JokoJokes

Metal Detector Jokes

13 metal detector jokes and hilarious metal detector puns to laugh out loud. Read jokes about metal detector that are clean and suitable for kids and friends.

Quick Jump To

Funniest Metal Detector Short Jokes

Short metal detector jokes and puns are one of the best ways to have fun with word play in English. The metal detector humour may include short heavy metal jokes also.

  1. Why is Metallica the safest band to listen to in an airport? Because they haven't set off a metal detector since 1989.
  2. I took my metal detector to the beach today expecting to find antiques of great value. Beach better have my money
  3. When people use metal detectors, they're treasure hunters… but when _I_ do it, I'm a thief and I need to leave the war memorial.
    Double standards, man. I swear
  4. The first time out with my metal detector I found a beautiful wedding ring!! But the bride was still wearing it, so the police came and now they won't give it back.
  5. I was detained at airport security, because the metal detector caught my braces... I guess you could say I was armed to the teeth.
  6. Did you hear about the Irish guy with a metal detector? He dug 25 meters down where he discovered he was wearing steel toe cap boots
  7. When the metal detector goes off at the airport, it is just verifying Chuck Norris walked through.

Share These Metal Detector Jokes With Friends




Metal Detector One Liners

Which metal detector one liners are funny enough to crack down and make fun with metal detector? I can suggest the ones about metal and metal music.

  1. Why is my metal detector going off? Someone's taking a shower and I am in Flint

Metal Detector Funny Jokes And Hilarious Puns.

What funny jokes about metal detector you can tell and make people laugh? An example I can give is a clean death metal jokes that will for sure put a smile on everyones mouth and help you make metal detector pranks.

I hate going through airport security...

For some reason I'm always stopped at the metal detector, even if i'm carrying NOTHING! So as you can imagine, on my latest trip, when I successfully got past the metal detector I was so pleased that I whispered "YES" to myself. As you can imagine, that didn't go down too well.
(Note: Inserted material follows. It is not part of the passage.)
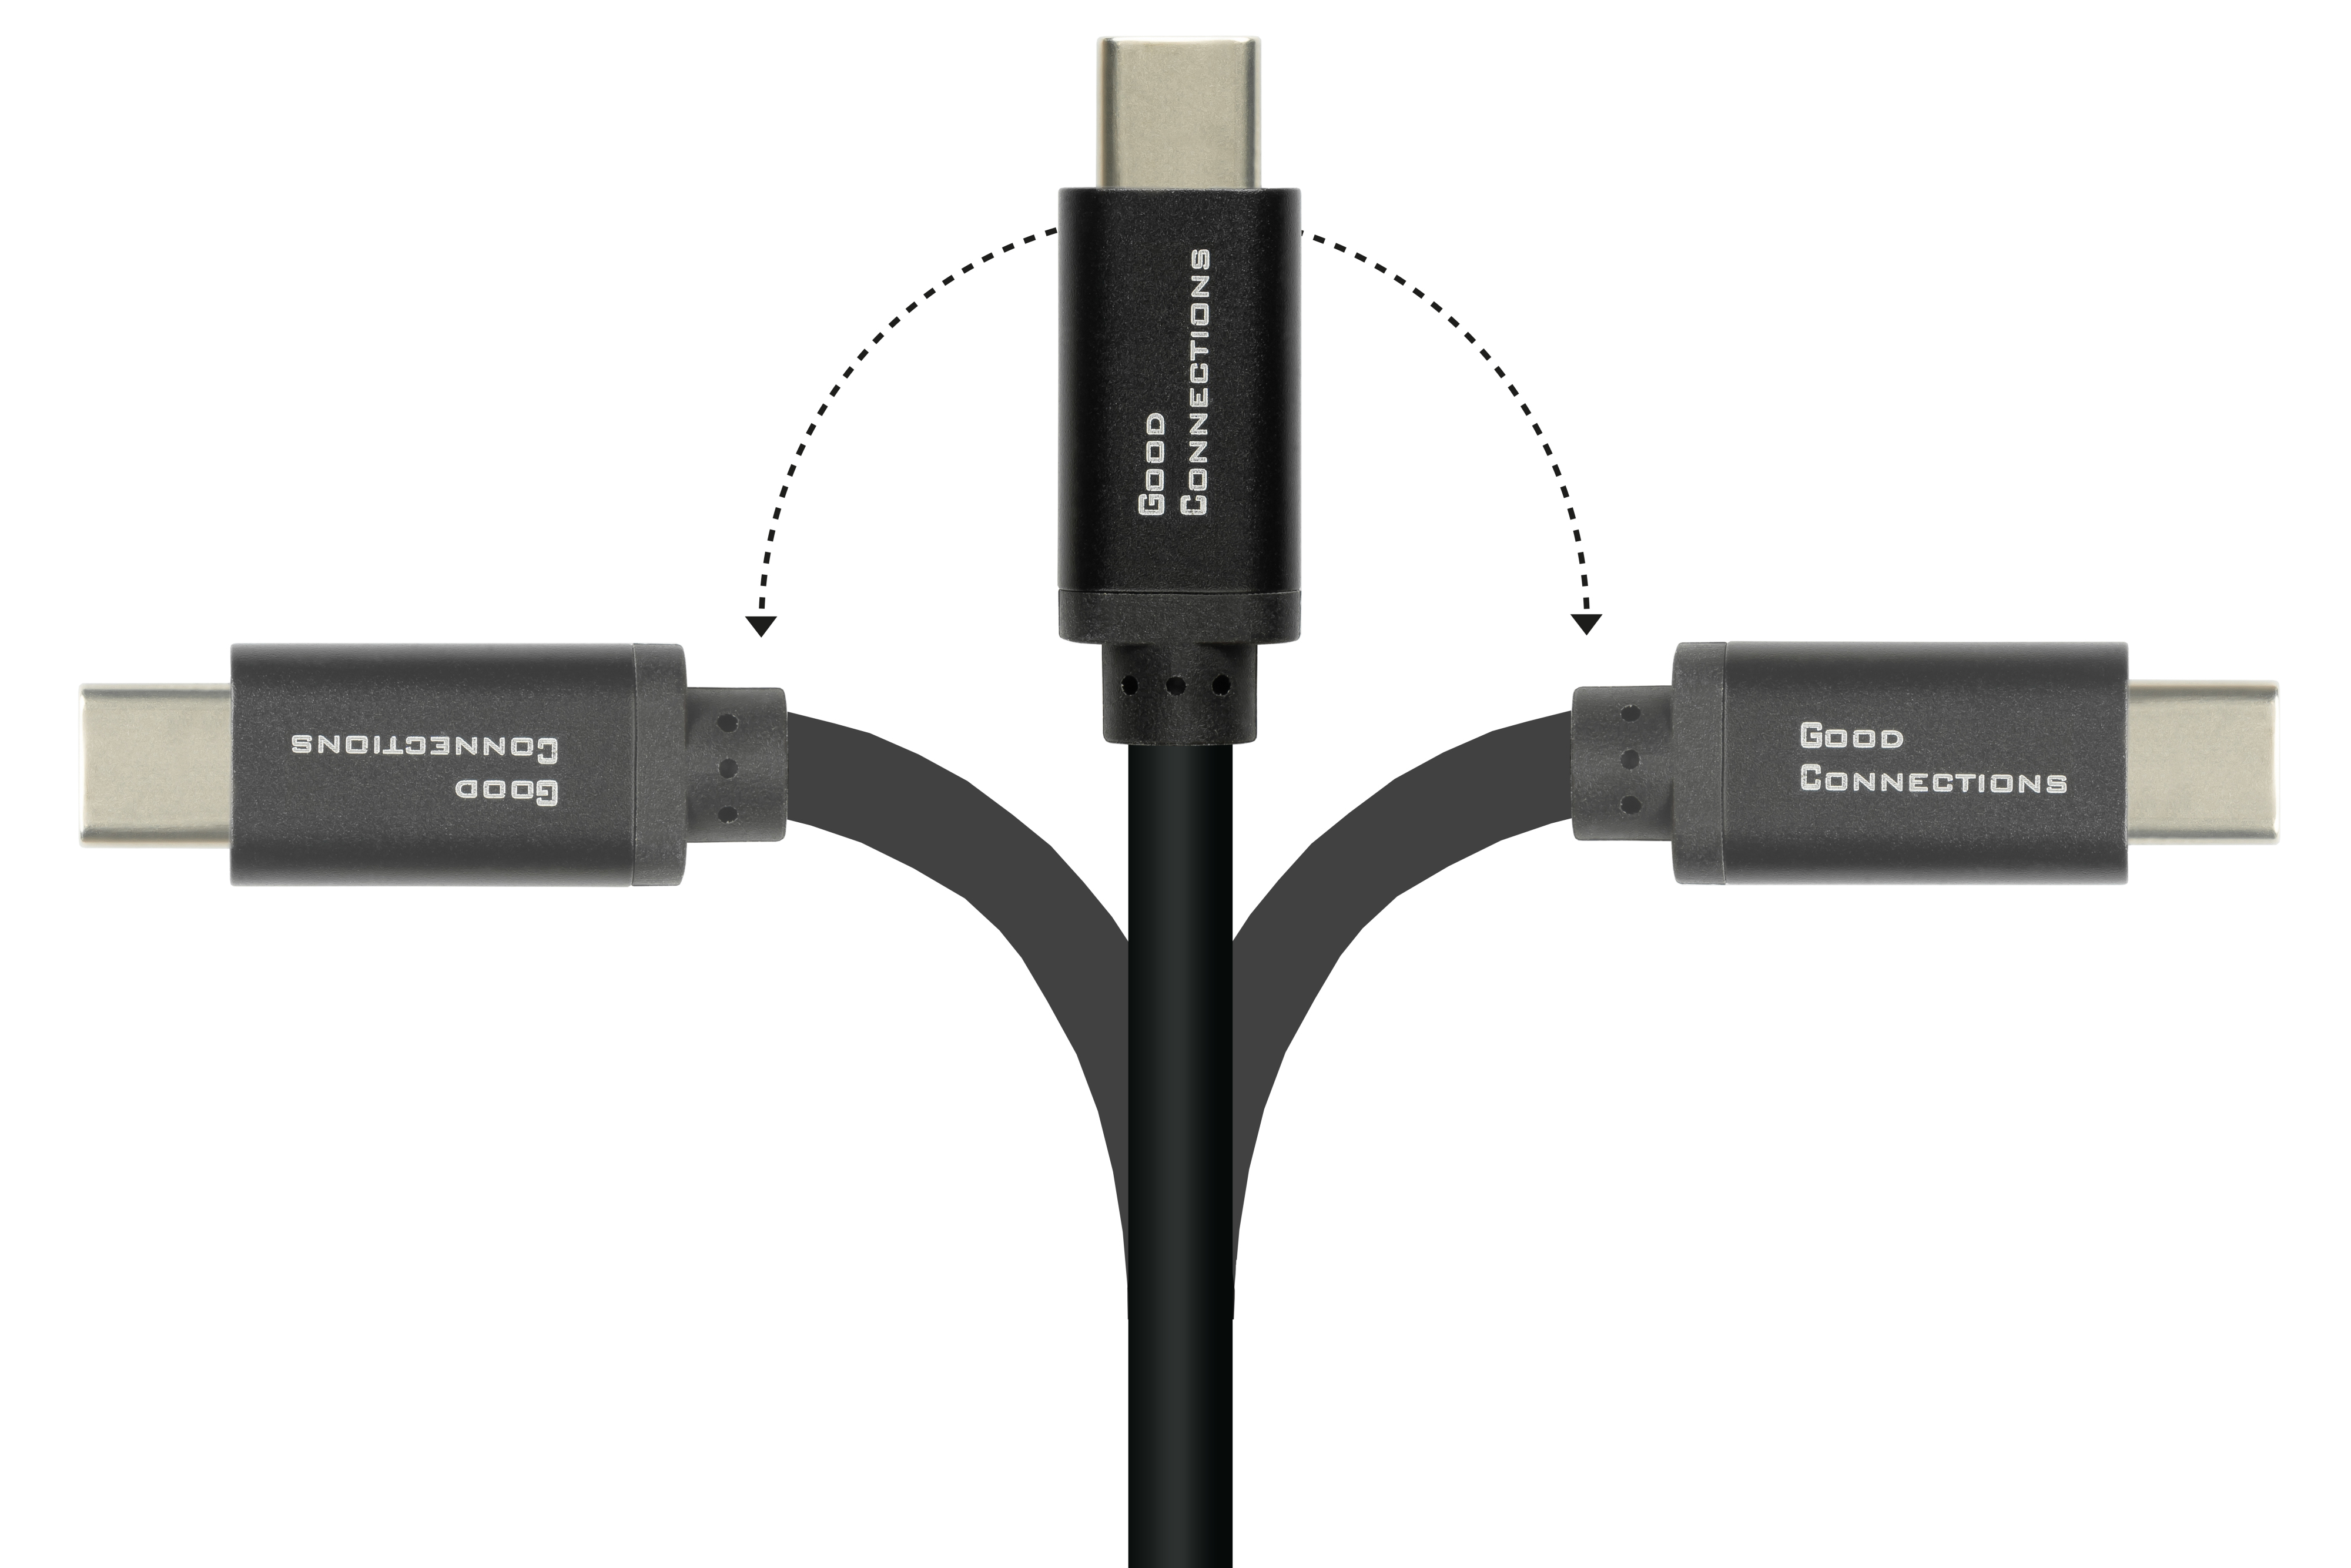 USB (PD3) E-Marker, GOOD 2.0, Power CONNECTIONS USB-C™ 100W, mit 5A SmartFLEX schwarz Lade- Datenkabe Delivery und

Why Won't Michigan Governor Rick Snyder Take Any Flint Tap Water With Him Overseas In Order To Stick To His Promise That He'd Drink It For A Full Month...?

Because he can't get it through the airport metal detectors.

⚠️ Warning ⚠️
This joke may contain profanity or explicit language

Somali Pirates Can't Find Hidden Treasure Buried in 2007

A bunch of Somali pirates lost their hidden treasure. They last saw their hidden treasure in 2007. They tried everything, bloodhounds, radar, metal detectors, sonar. But they couldn't find their treasure.
One day, one of the pirates had a suggestion.
"Captain, we should break R Kelly out of prison".
The Captain said "This is the dumbest idea I've ever heard, but go ahead. why?"
"Captain, if anybody can find 15 year old b**..., it's this guy!".

A zombie is checking for an overseas flight...

At the security check the TSA is scanning his luggage, running him through metal detectors, etc. Finally, an attendant stops him at the gate.
"Sir, you're absolutely crawling with bugs. You're going to have to store those un your suitcase or ship them separately."
"Oh, no, it's okay." He says. "These are my carrion beetles."